От того, что он говорит, у Хелены голова идет кругом.
– Ты знал? С самого начала?
– О чем?
– О том, к чему на самом деле должно прийти исследование. Что это куда больше, чем просто воспоминания с эффектом погружения.
Слейд смотрит в пол, потом поднимает глаза на нее:
– Я слишком тебя уважаю, чтобы врать тебе.
– Значит… да?
– Прежде чем мы перейдем к тому, что я сделал, может быть, сперва насладимся достигнутым тобой успехом? Ты теперь величайшая из ученых и изобретателей, когда-либо живших на земле. Автор самого важного научного прорыва нашего времени. Да и любого другого.
– И самого опасного.
– Не в тех руках – конечно.
– Господи, как ты самонадеян! Да в любых руках! Откуда ты знал, на что способно мое кресло?
Слейд ставит свой бокал на кофейный столик, поднимается и отходит к окну, в котором видны надвигающиеся на платформу черные тучи.
– Когда мы встретились в первый раз, ты возглавляла научно-исследовательскую группу в одной компании в Сан-Франциско, которая называлась «Ион».
– В каком смысле «в первый раз»? Я никогда не работала…
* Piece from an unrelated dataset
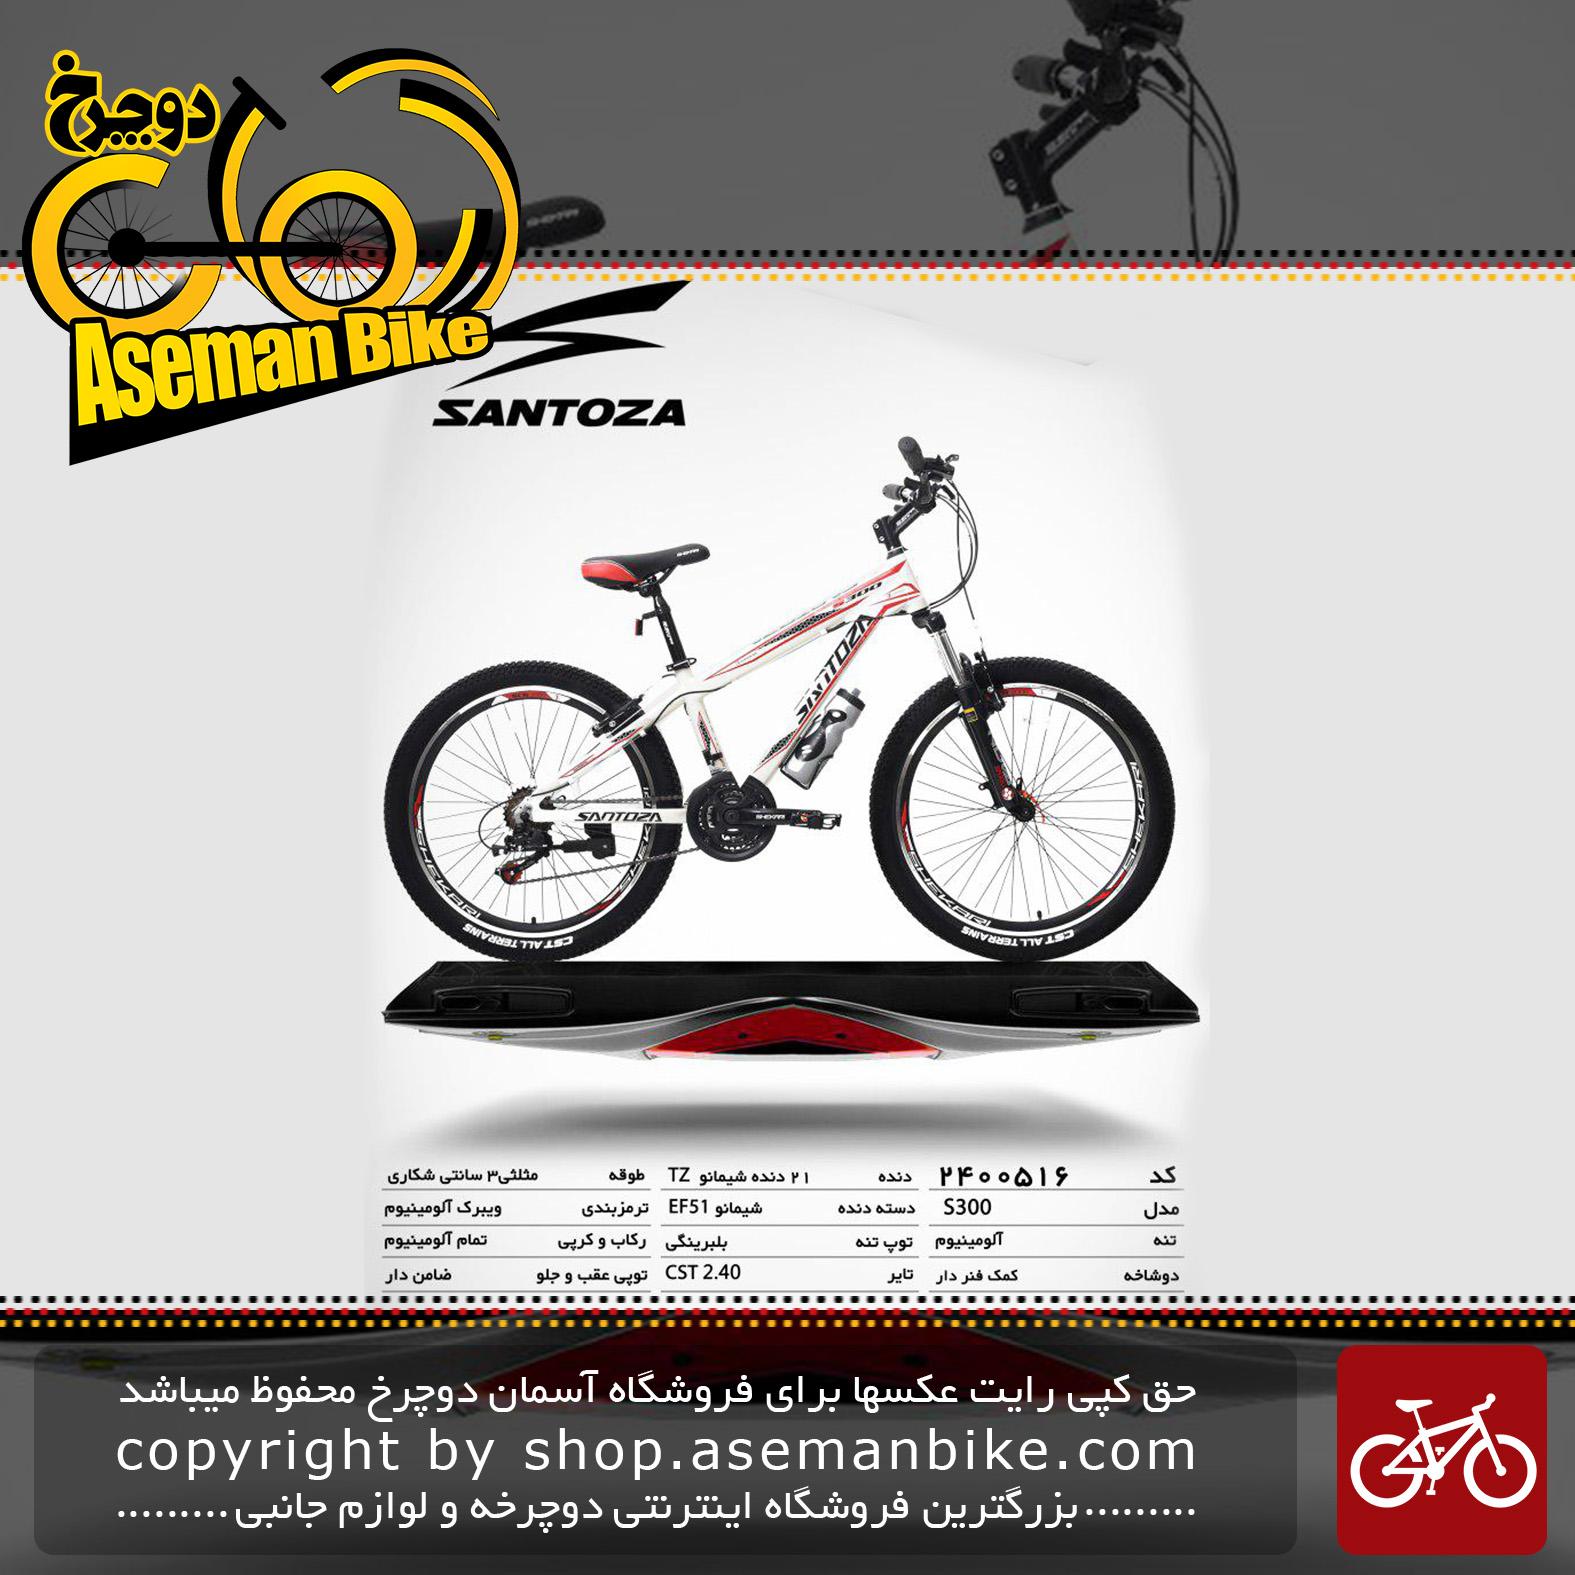 دوچرخه کوهستان سانتوزا 21 دنده شیمانو تورنی تنه آلومینیوم سایز 24مدل اس300 santoza bicycle 24 21 speed shimano tourney tz aluminum vb s300 2019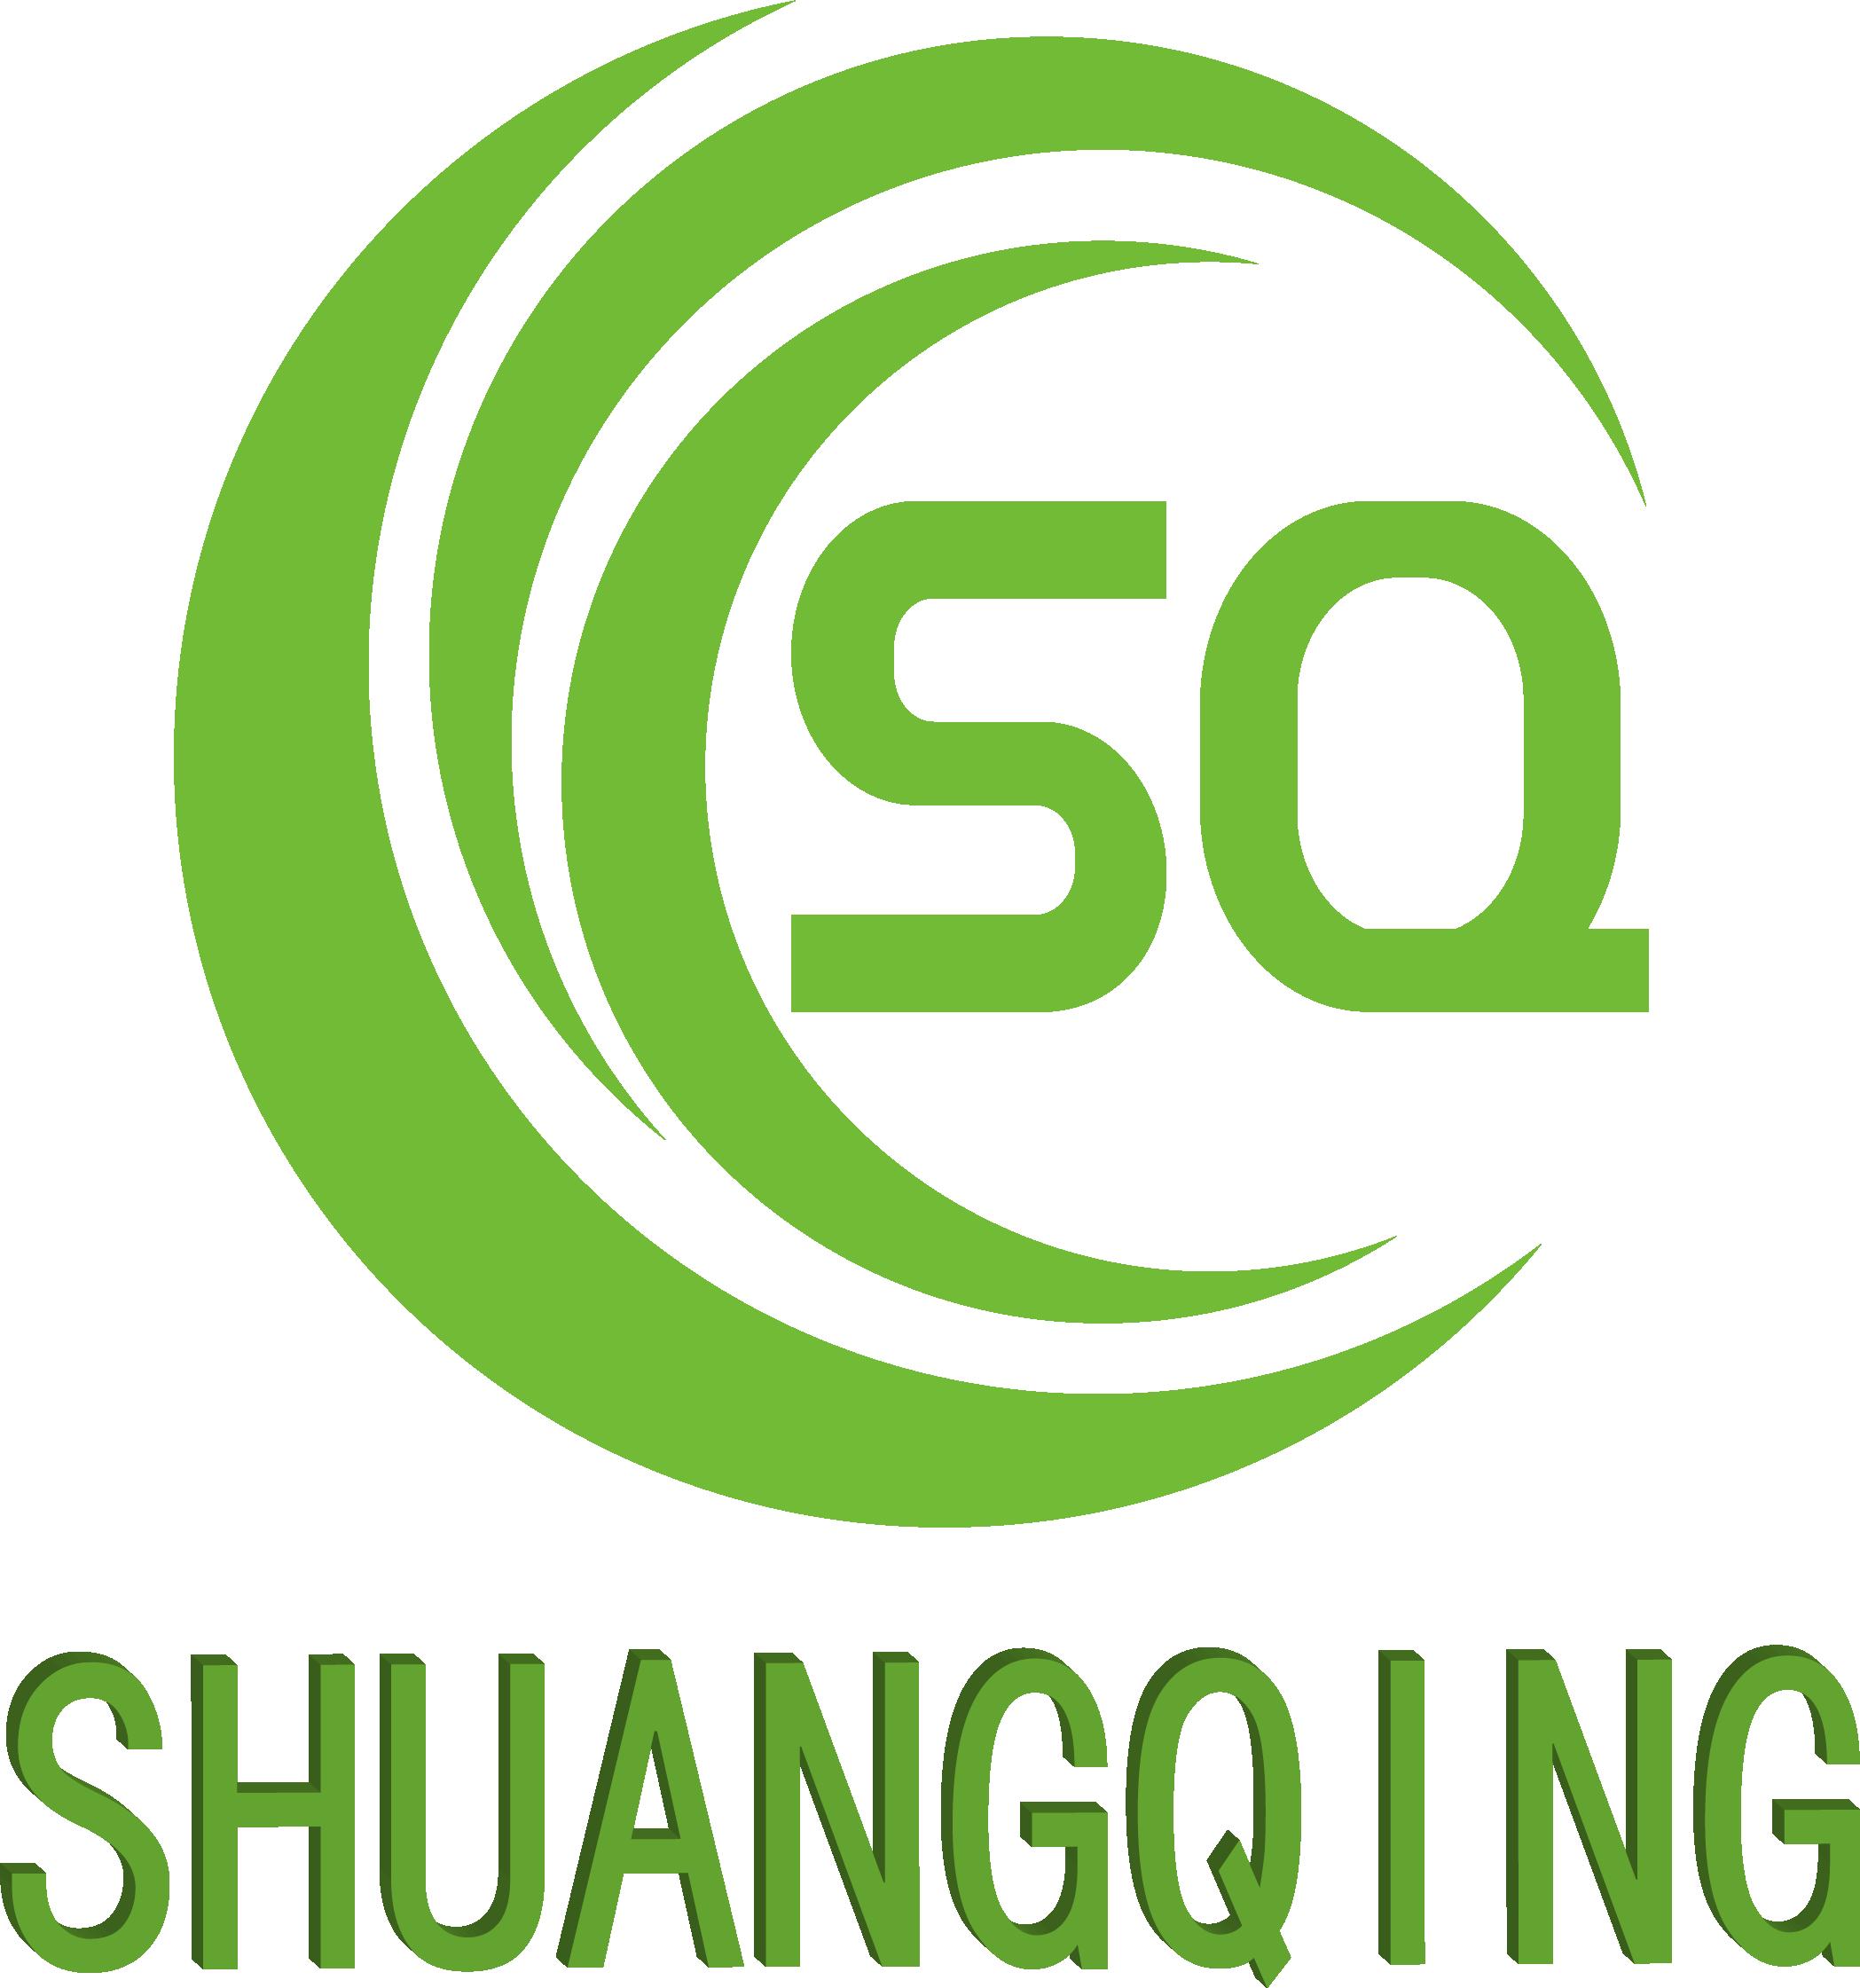 廣東雙清環境工程設備有限公司

– Позволь мне закончить. Ты взяла меня на должность ассистента. Я печатал отчеты под диктовку, отслеживал статьи, которые тебя интересовали. Занимался организацией расписания и поездок. Варил кофе, следил за порядком в кабинете. Ну, по крайней мере чтобы там можно было пройти. – В его улыбке читается что-то вроде ностальгии. – В общем, прислуга. Но ты хорошо ко мне относилась. Я чувствовал себя практически частью команды, как будто и сам вовлечен в исследование. До нашей встречи у меня были проблемы с наркотиками. Ты, можно сказать, спасла мне жизнь.
Тебе тогда удалось создать отличный МЭГ-микроскоп и неплохой прибор для электромагнитной стимуляции. Квантовые процессоры были куда лучше тех, что мы используем сейчас, – технология к тому времени сильно продвинулась. Ты придумала задействовать депривационную капсулу и нашла способ, чтобы устройство реактивации могло работать внутри нее. Однако все это тебя не удовлетворяло. Твоя теория заключалась в том, что из-за полной сенсорной депривации в капсуле при стимуляции нейронов наведенное воспоминание вызовет невероятный, никем ранее не испытанный эффект полного погружения в него.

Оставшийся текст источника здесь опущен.